Action item: The output should be the listing below, limited to the lines from the one with "Nike Air Force 1 Low Supreme Comme Des" through the one with "tapis antidrapant gris", exact and without pictures.

Given information:
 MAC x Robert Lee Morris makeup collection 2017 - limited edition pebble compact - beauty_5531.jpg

--

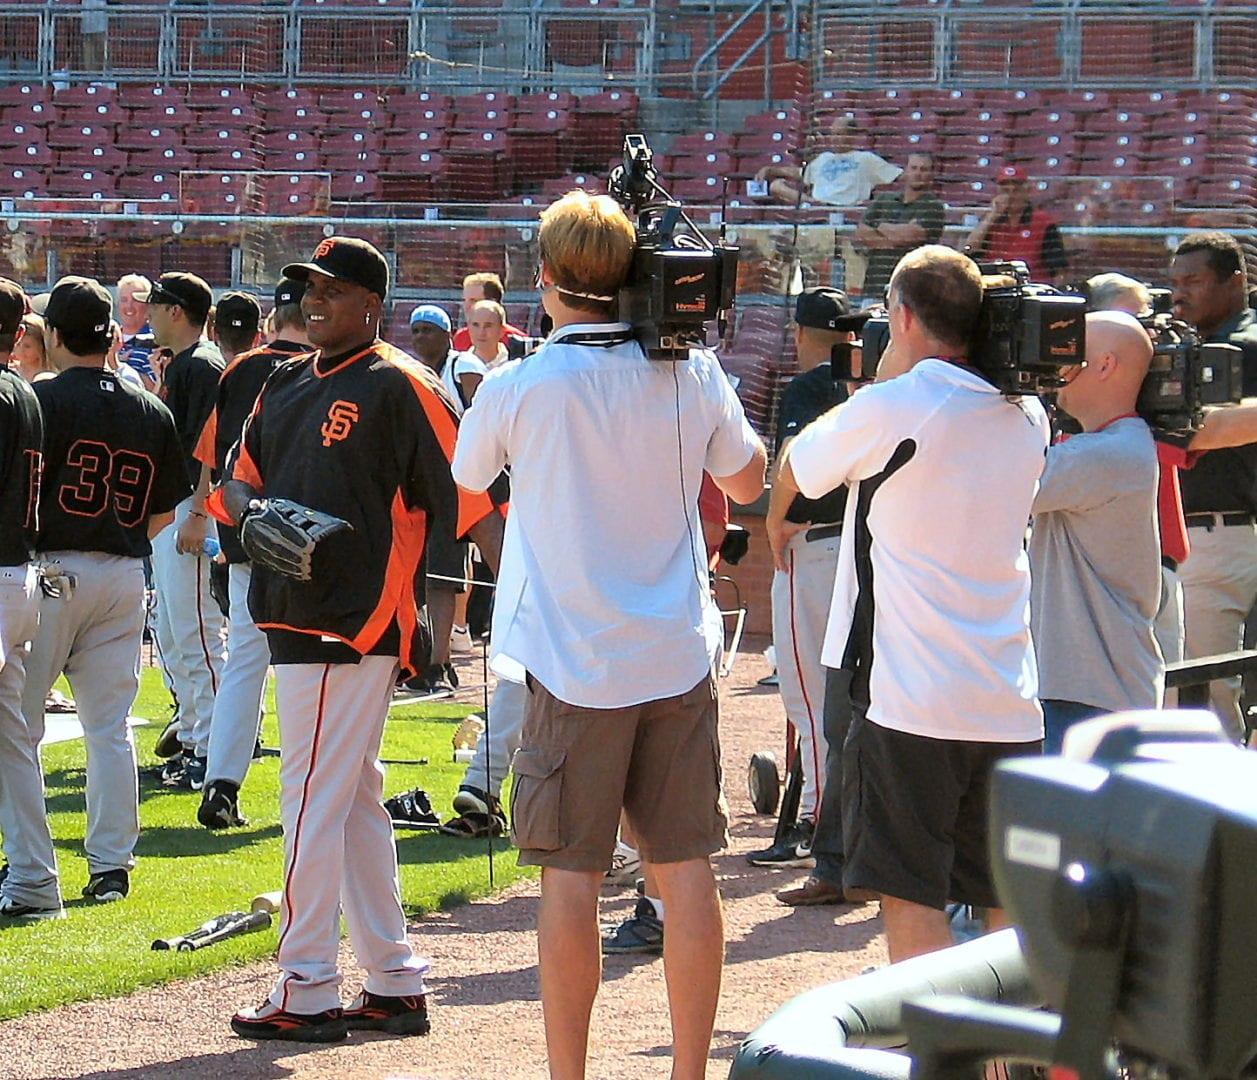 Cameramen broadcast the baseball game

==

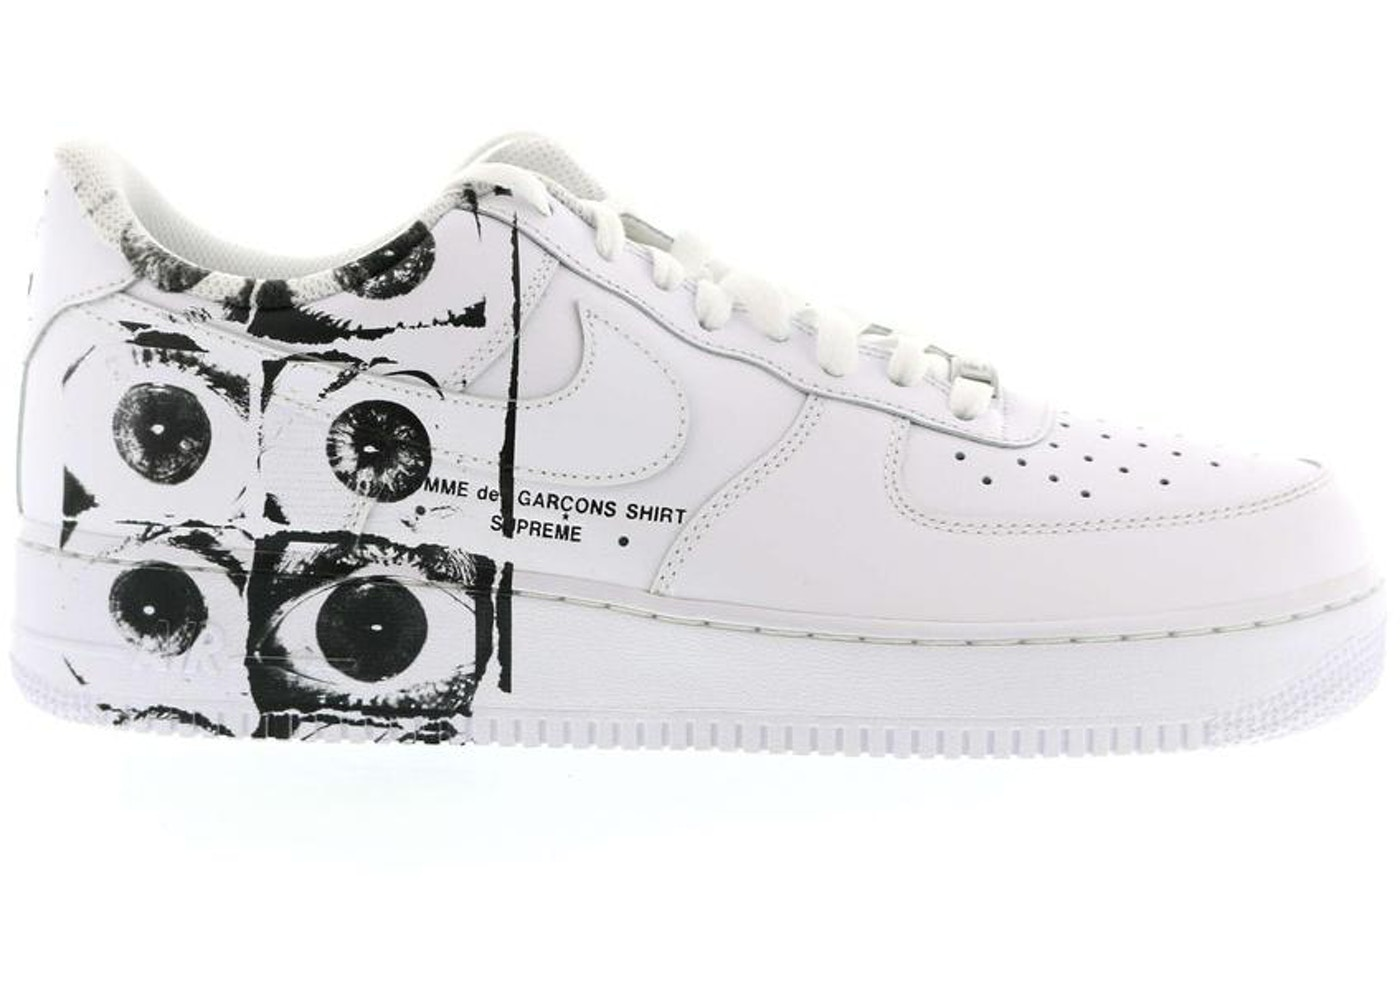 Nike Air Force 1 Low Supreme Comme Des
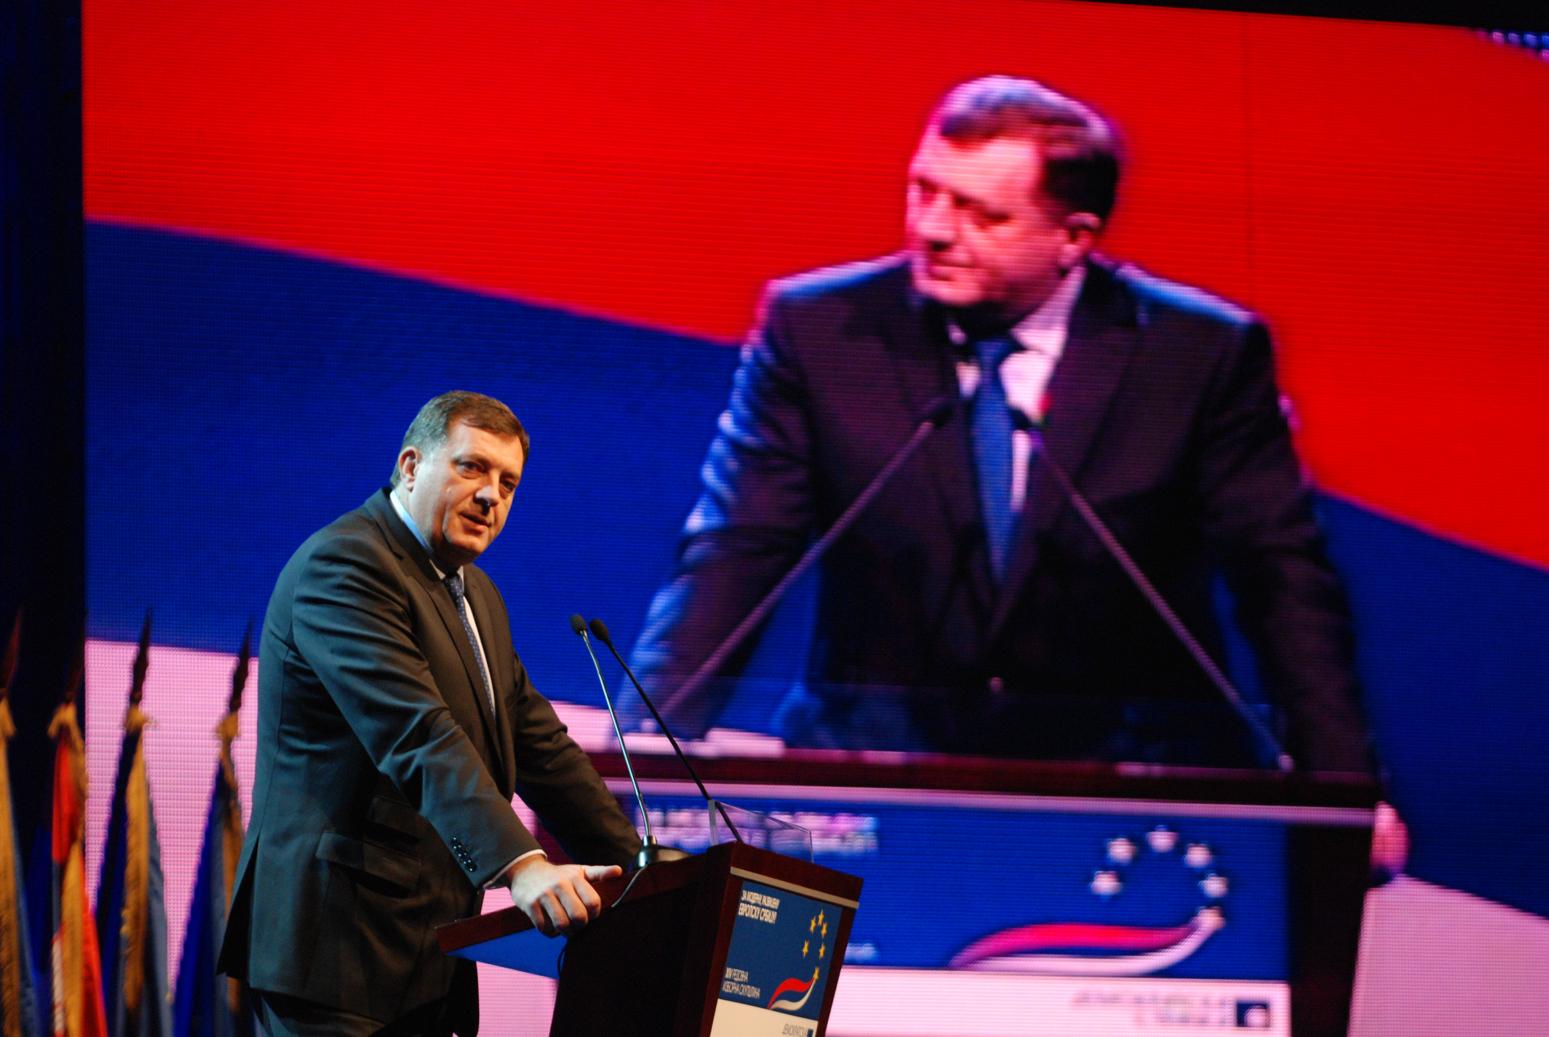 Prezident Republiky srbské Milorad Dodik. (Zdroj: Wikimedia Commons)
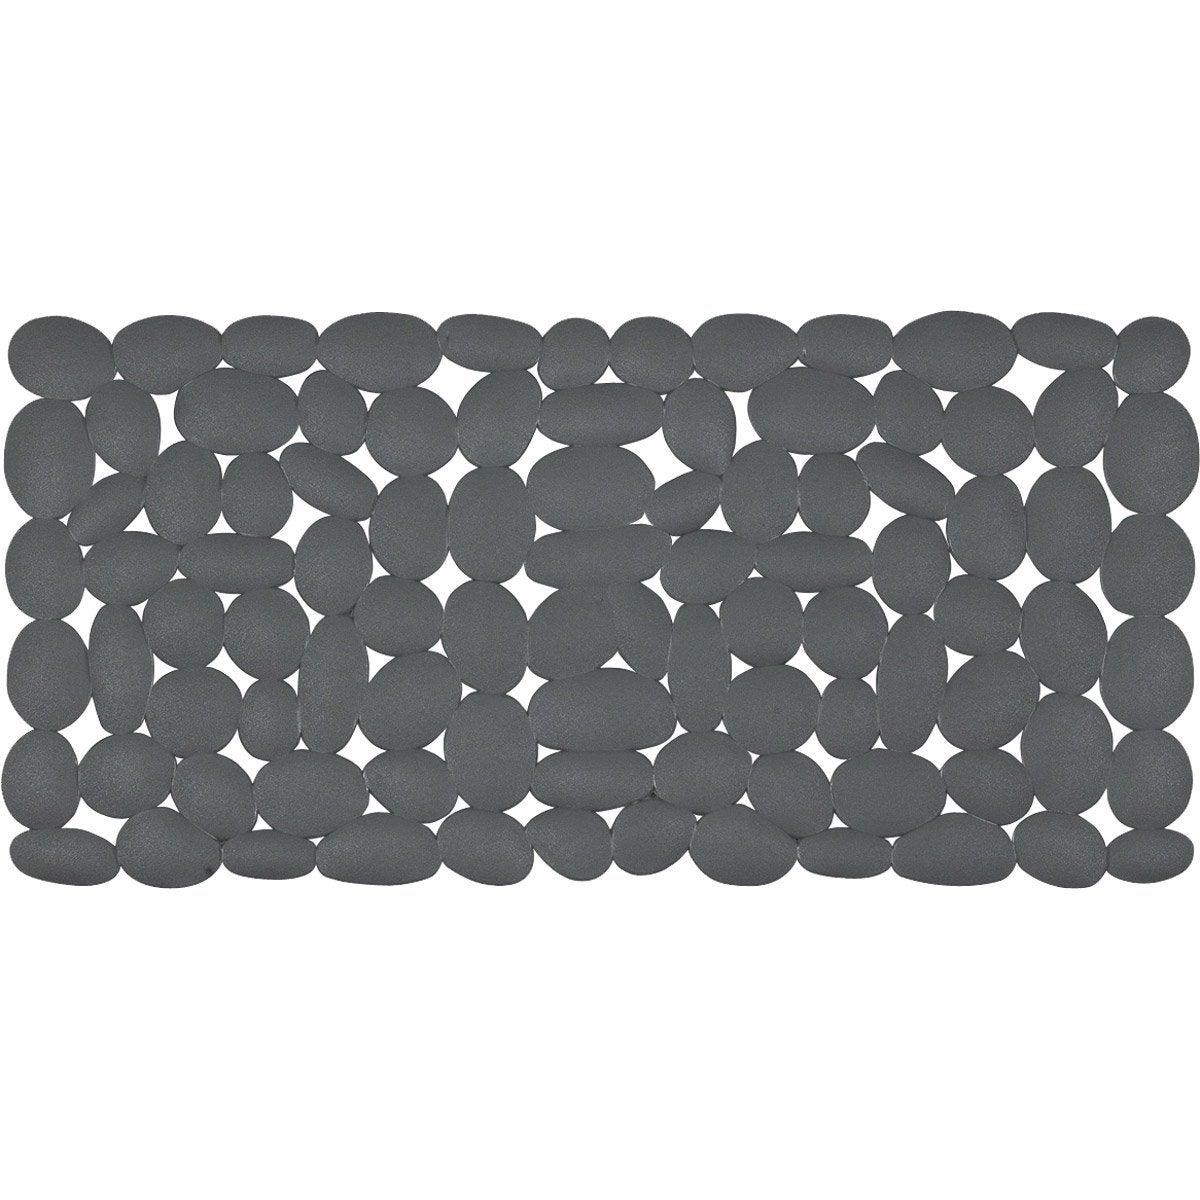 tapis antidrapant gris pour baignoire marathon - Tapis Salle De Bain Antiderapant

Finished task:
 Nike Air Force 1 Low Supreme Comme Des
 Prezident Republiky srbské Milorad Dodik. (Zdroj: Wikimedia Commons)
 tapis antidrapant gris pour baignoire marathon - Tapis Salle De Bain Antiderapant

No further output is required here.